# Stuck in traffic? :D



## Nocturne (Aug 18, 2009)

http://www.youtube.com/watch?v=UlzoL-wQwio

I. Want. Now.


----------



## Hir (Aug 18, 2009)

Thats just. Awesome.


----------



## Thatch (Aug 18, 2009)

lol, I wonder if I can get something like that for my phone.


----------



## MaNiac (Aug 18, 2009)

Haha. His face at the end ^^


----------



## ivanstrelok (Aug 18, 2009)

yeeah,i feel exactly the same when i get stuck,hope i could do that but with an assault rifle from the roof of my car  that would be awesome xDD


----------



## CerbrusNL (Aug 18, 2009)

Meh, The app is fun the first 2 times you use it, but then it just gets Lamer and Lamer...


----------



## Torrijos-sama (Aug 18, 2009)

ivanstrelok said:


> yeeah,i feel exactly the same when i get stuck,hope i could do that but with an assault rifle from the roof of my car  that would be awesome xDD


 
IAWTC. There are too many people that are illegals that drive without licenses in where I live.

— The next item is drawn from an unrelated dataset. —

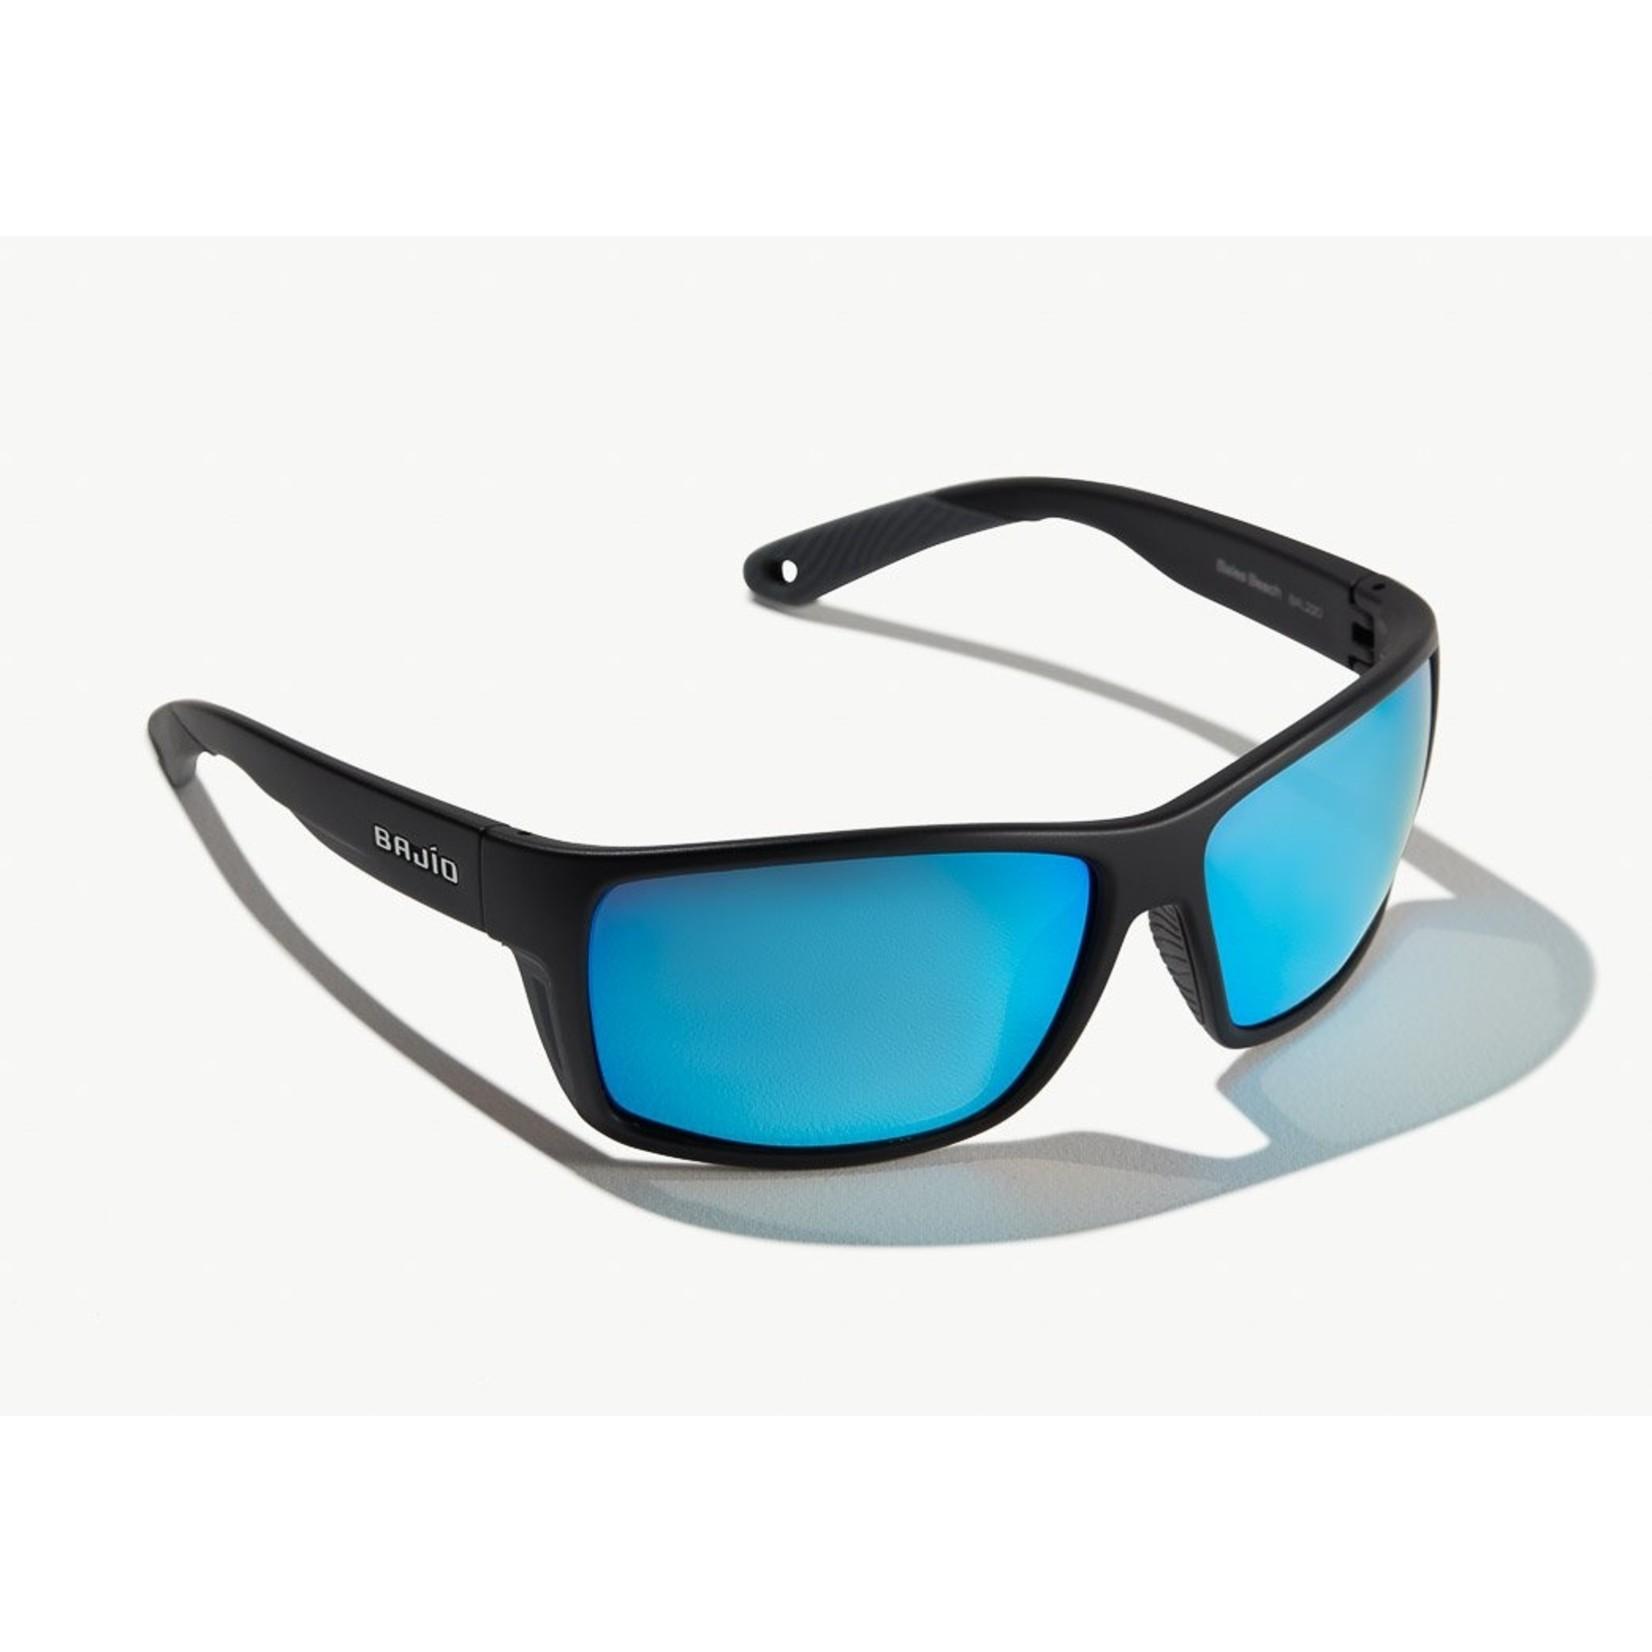 Bajio Bajio Bales Beach Polarized Sunglasses

Apparently the middle of the 2 lane road counts as a lane, they are exempt from driving the speed limit (Always too fast or too slow), and liberal groups always bail them out when they get caught for driving without a license, or insurance.


----------



## alaskawolf (Aug 18, 2009)

lol at that guy and his painted interior


----------



## Nick (Aug 18, 2009)

"Dat nigga cuttin me off?!!! BAHHHH"


Nice video lolz  was also funny to hear him giggle like a girl at the very end.


----------



## Azbulldog (Aug 18, 2009)

Black people make the world better.


----------



## Nargle (Aug 18, 2009)

Lol, that was awesome


----------



## Ishnuvalok (Aug 19, 2009)

If there was no reason for me to get an iphone, there is now


----------



## Shino (Aug 19, 2009)

...

...

I...

Wow. I... I can't even come up with some witty remark right now. Just... wow.


----------



## Thatch (Aug 19, 2009)

Ishnuvalok said:


> If there was no reason for me to get an iphone, there is now



I'll look that for a normal phone, maybe there won't have to be one afterall :V


----------



## Jack (Aug 19, 2009)

that was frekkin hilarious. and totally how I feel in traffic!


----------



## Ziff (Aug 19, 2009)

i laughed so hard I got a headache XD


----------



## Bandy (Aug 19, 2009)

*Lucky I don't really have traffic where I live. 

I think his giggle at the very end was hilarious. The best part is when the guy cut him off.
*


----------



## Liam (Aug 19, 2009)

Made me lol (ie smiled for realz)


----------